What do you think is the next big AI milestone? There's a lot of talk about AGI [artificial general intelligence] right now. Is that something that you see bearing out in a landmark way in the next couple of months?
AGI is a broad term, but if you think about what's required in order to enable that, it's an unbounded data corpus. You don't have any limitations. [By comparison,] as a human, I can draw on my experience, my personal life, my professional life and all those things. But [an unbounded data corpus] is a core requirement for AGI. And the challenge with our data systems today is that we necessarily have to create hard barriers in terms of how and what data can be used in the context of those systems.

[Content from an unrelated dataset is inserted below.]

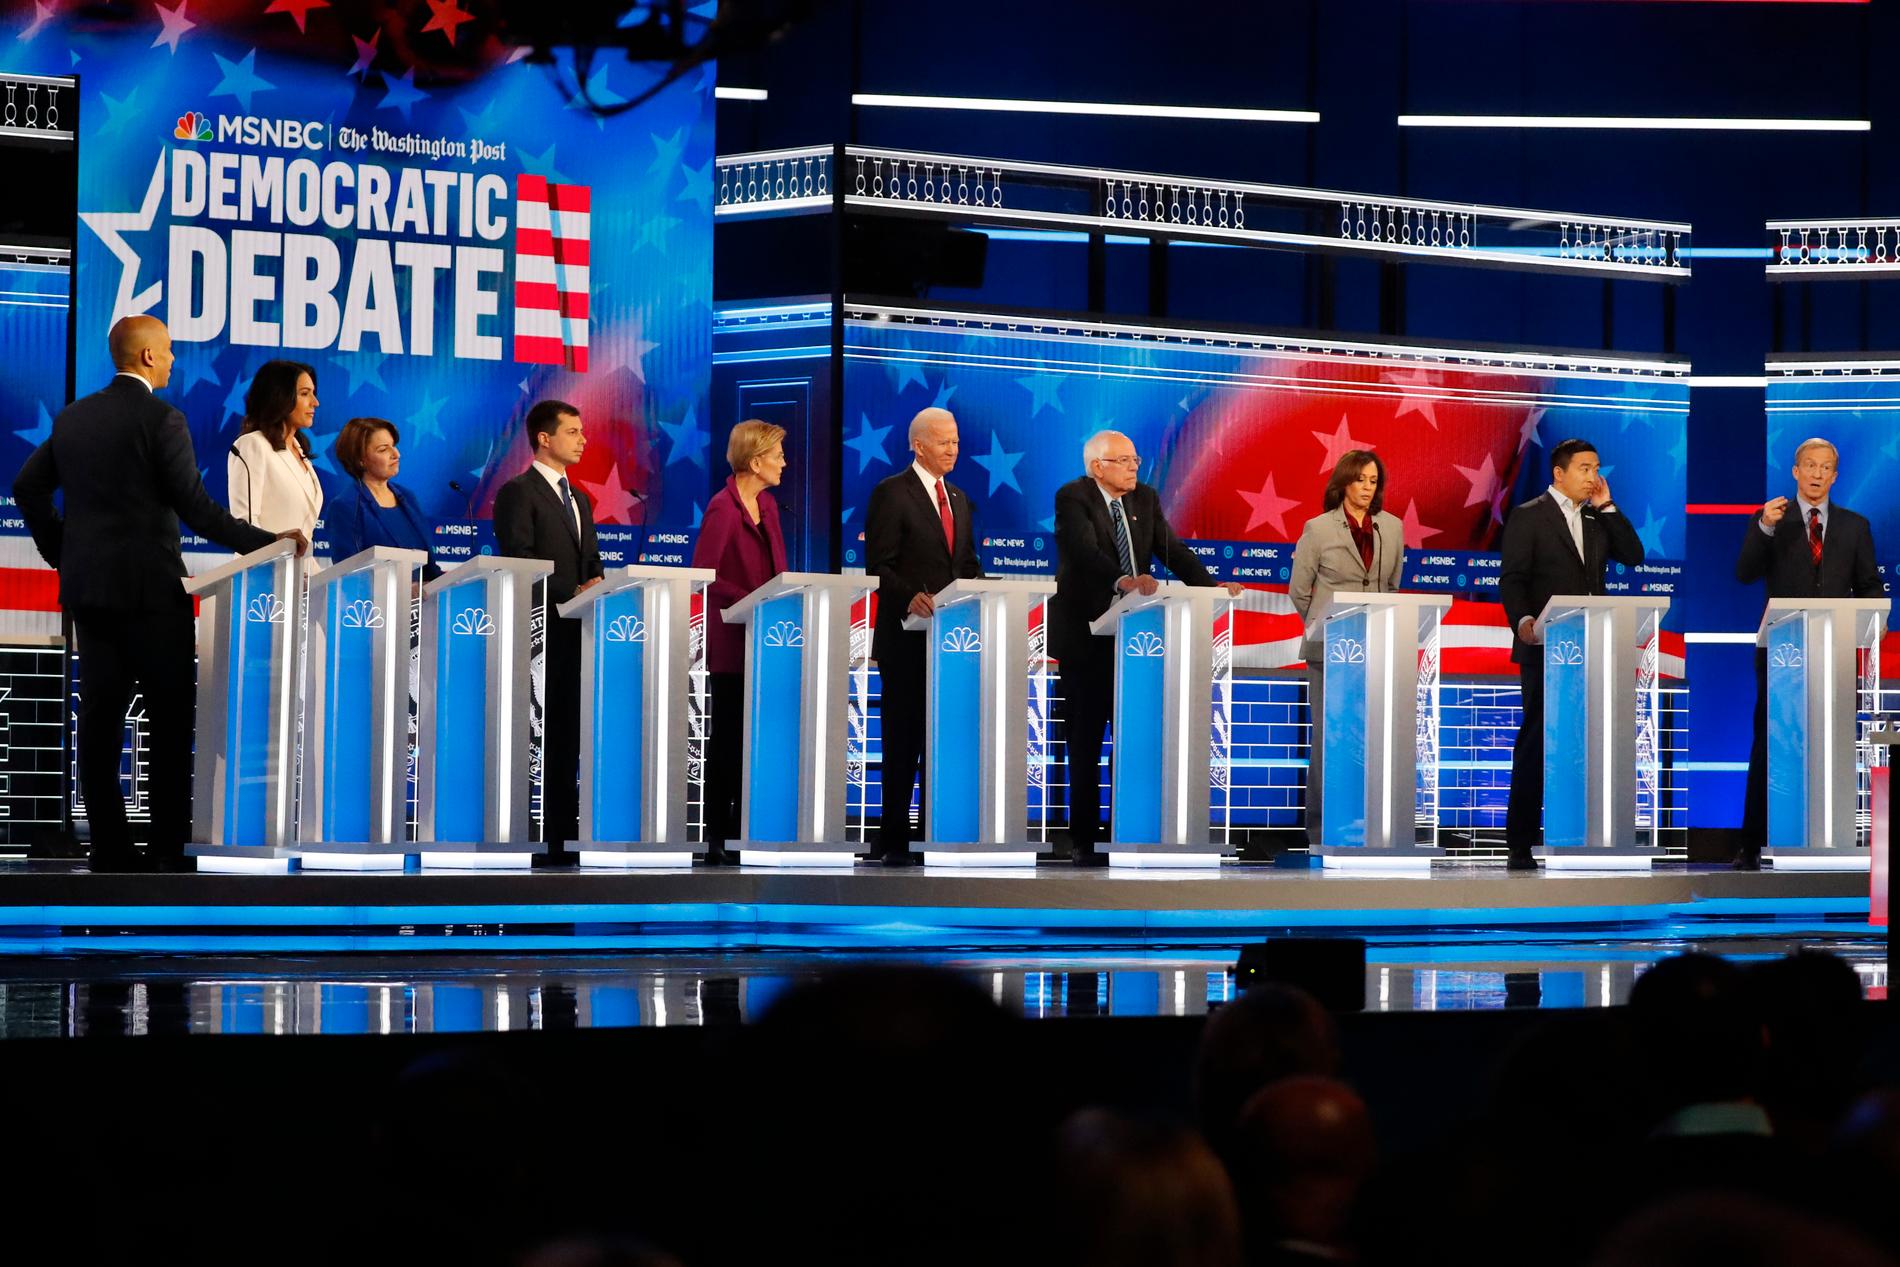 Tio presidentaspiranter från Demokraterna deltog i den senaste debatten. Från vänster: Cory Booker, Tulsi Gabbard, Amy Klobuchar, Pete Buttigieg, Elizabeth Warren, Joe Biden, Bernie Sanders, Kamala Harris, Andrew Yang och Tom Steyer.

In terms of the next big thing, something that I'm really passionate about is what we could potentially do with data synthesis with ethical AI in order to correctly balance the signal that goes into these systems, and also do a good job of anonymization. So we can take out PII [personally identifiable information] and PHI [personal health information]. We can develop systems that are fully compliant to GDPR, CCPA and other [data privacy] standards out there. All of those are really blunt tools that just cut out the availability of data for use in AI. If we can solve for that and create a dataset that has all the signals of the original data but none of the scary stuff -- like PII or bias, which has historically existed in the data -- then we have an opportunity to really expand the canvas of the data that's used in order to train AI. That's where I think we get to some really interesting new use cases.